> [WHAT YOU WILL DO] Transcribe this listing exactly; omit the pictures.

[[ DATA PROVIDED open ]]

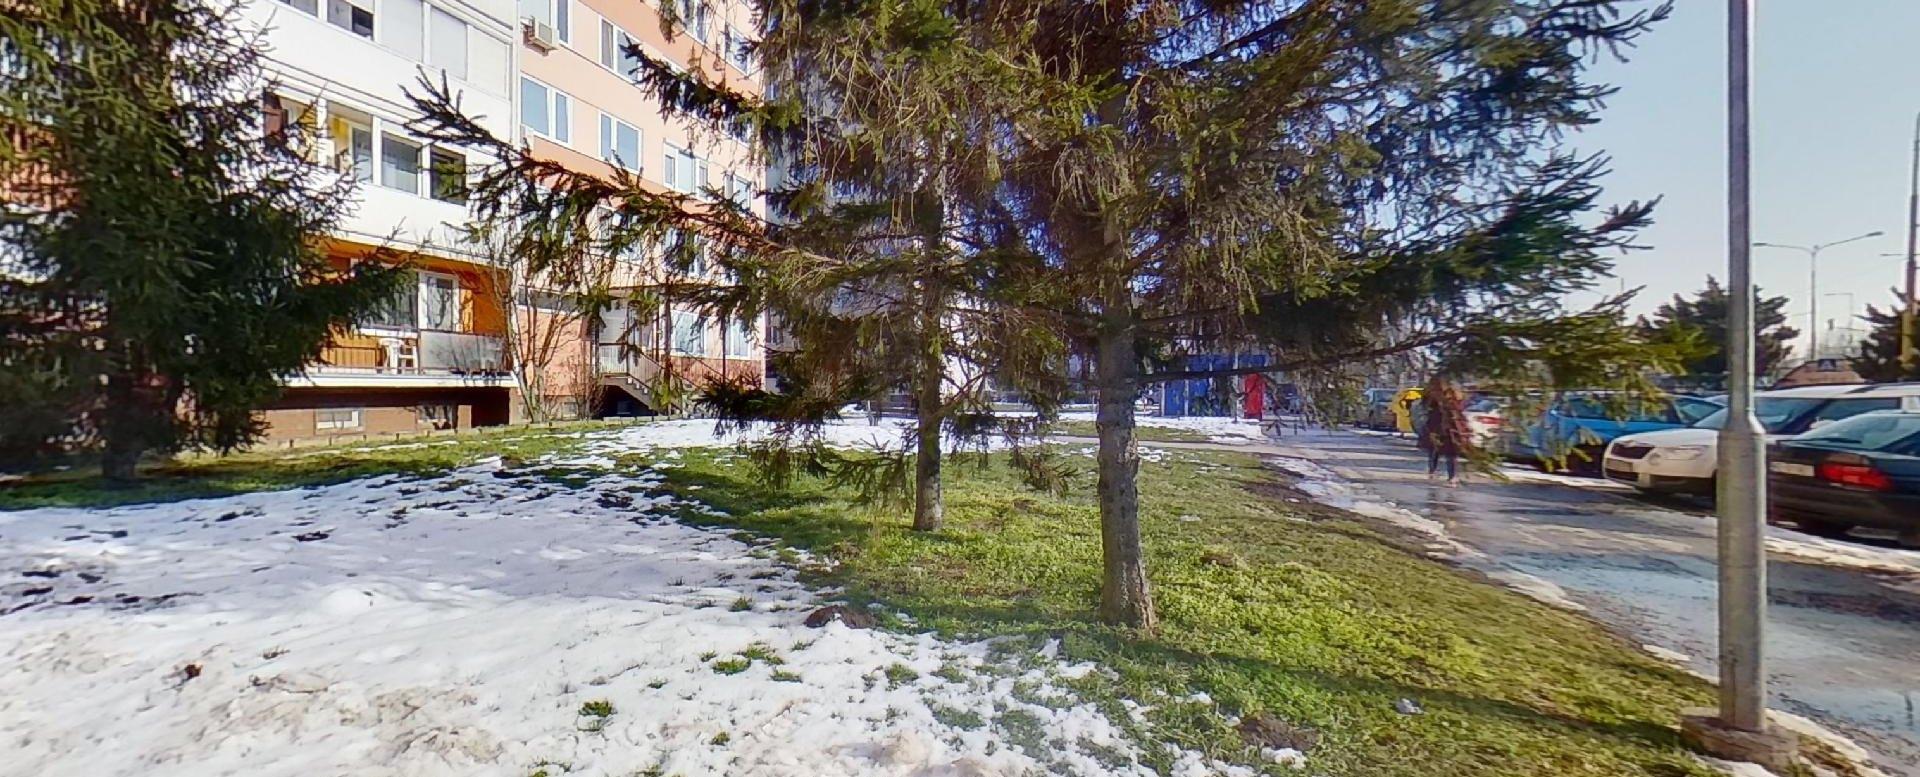 Zeleň pred bytovým domom
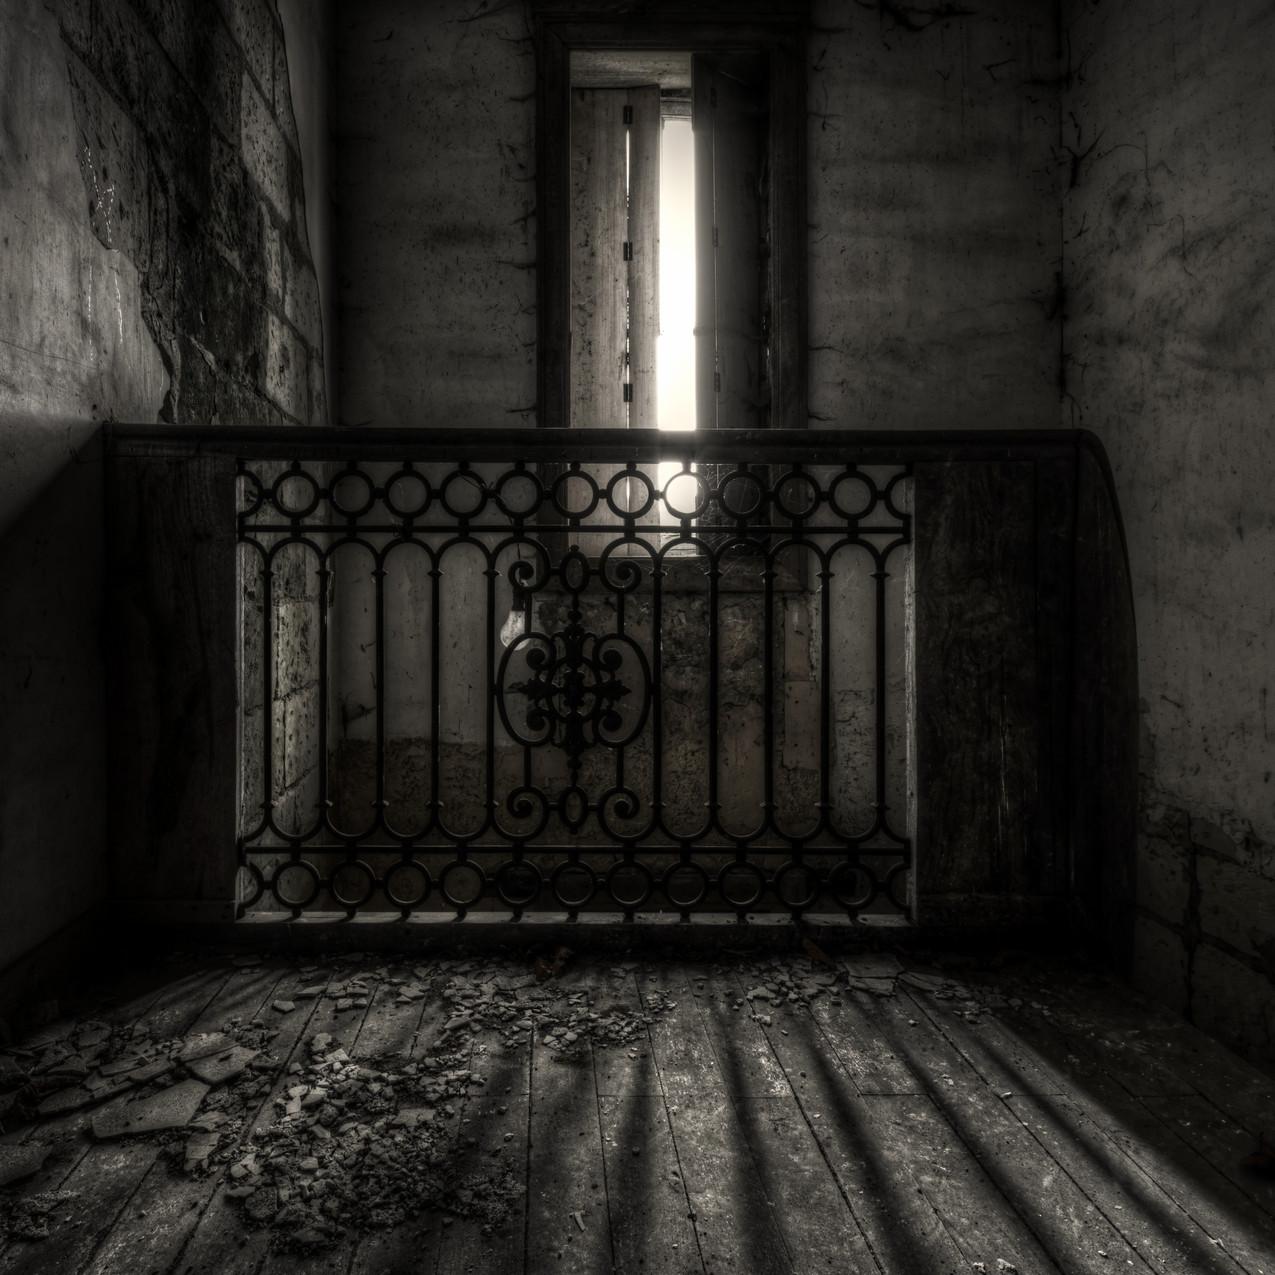 Urbex - Manoir de la vigne (L'escalier et son jeu d'ombre)
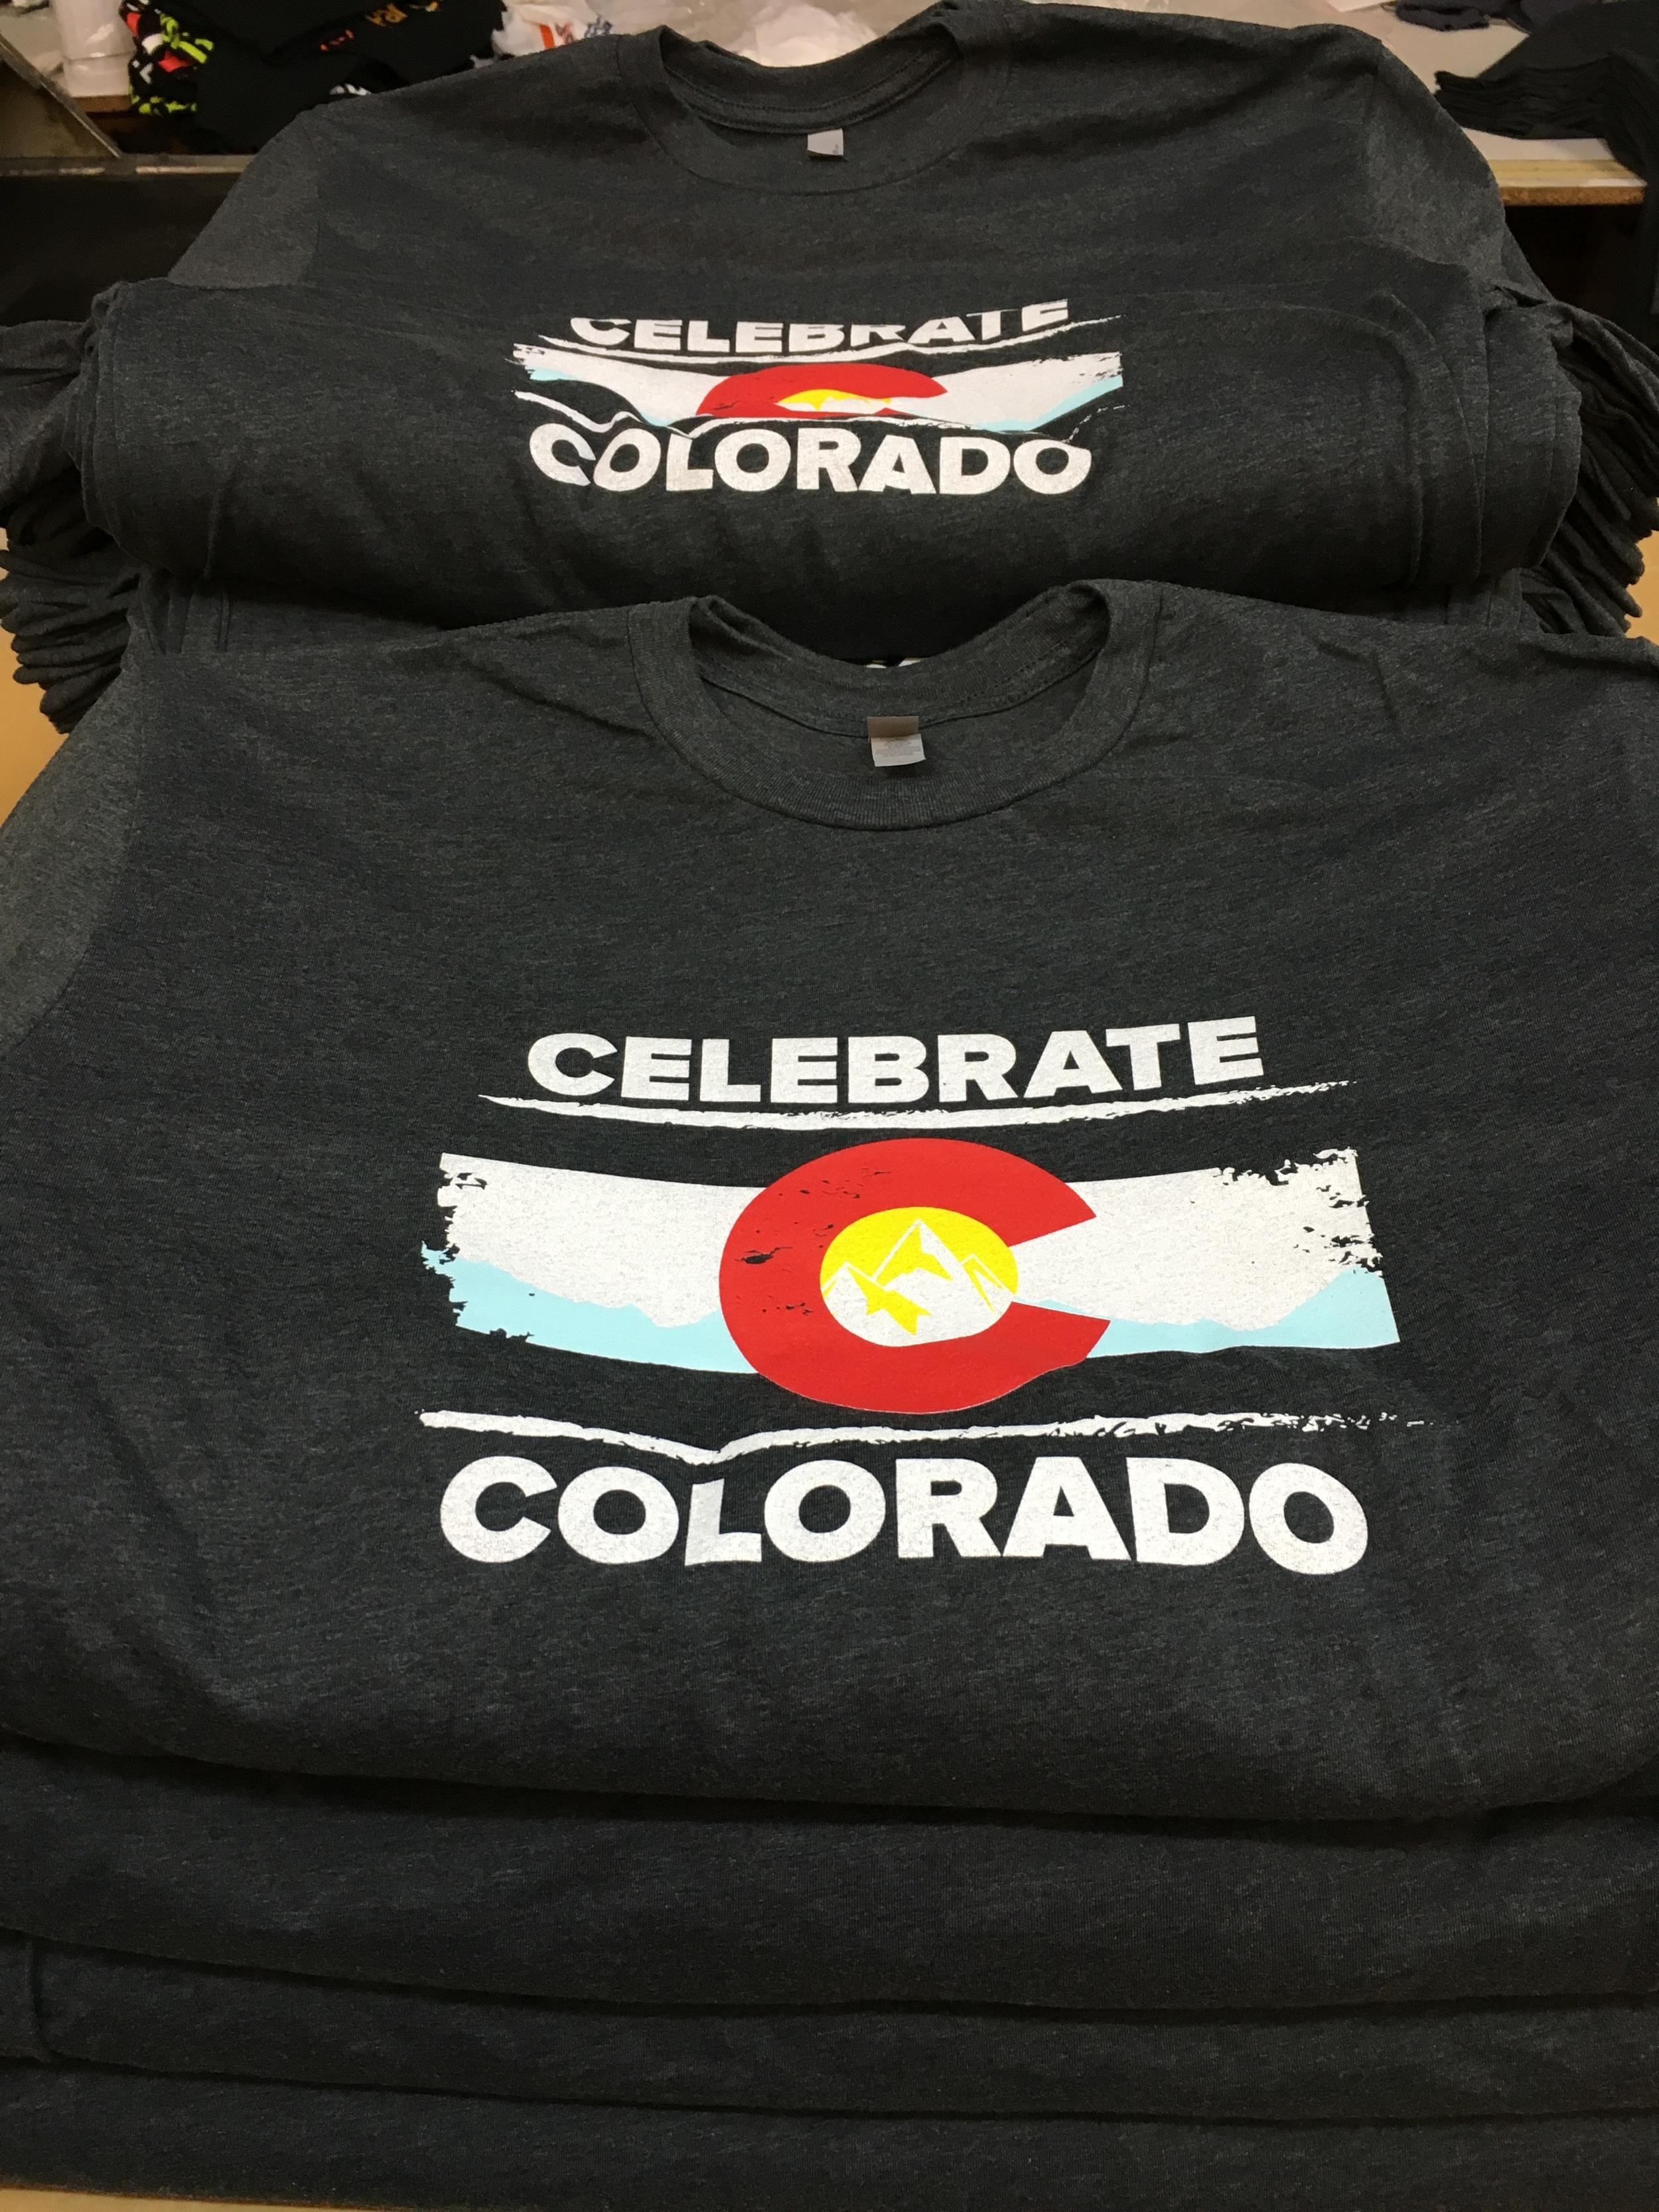 Celebrate Colorado Shirts

[[ DATA PROVIDED closed ]]

> [EXERCISE ANSWER]
 Zeleň pred bytovým domom
 Urbex - Manoir de la vigne (L'escalier et son jeu d'ombre)
 Celebrate Colorado Shirts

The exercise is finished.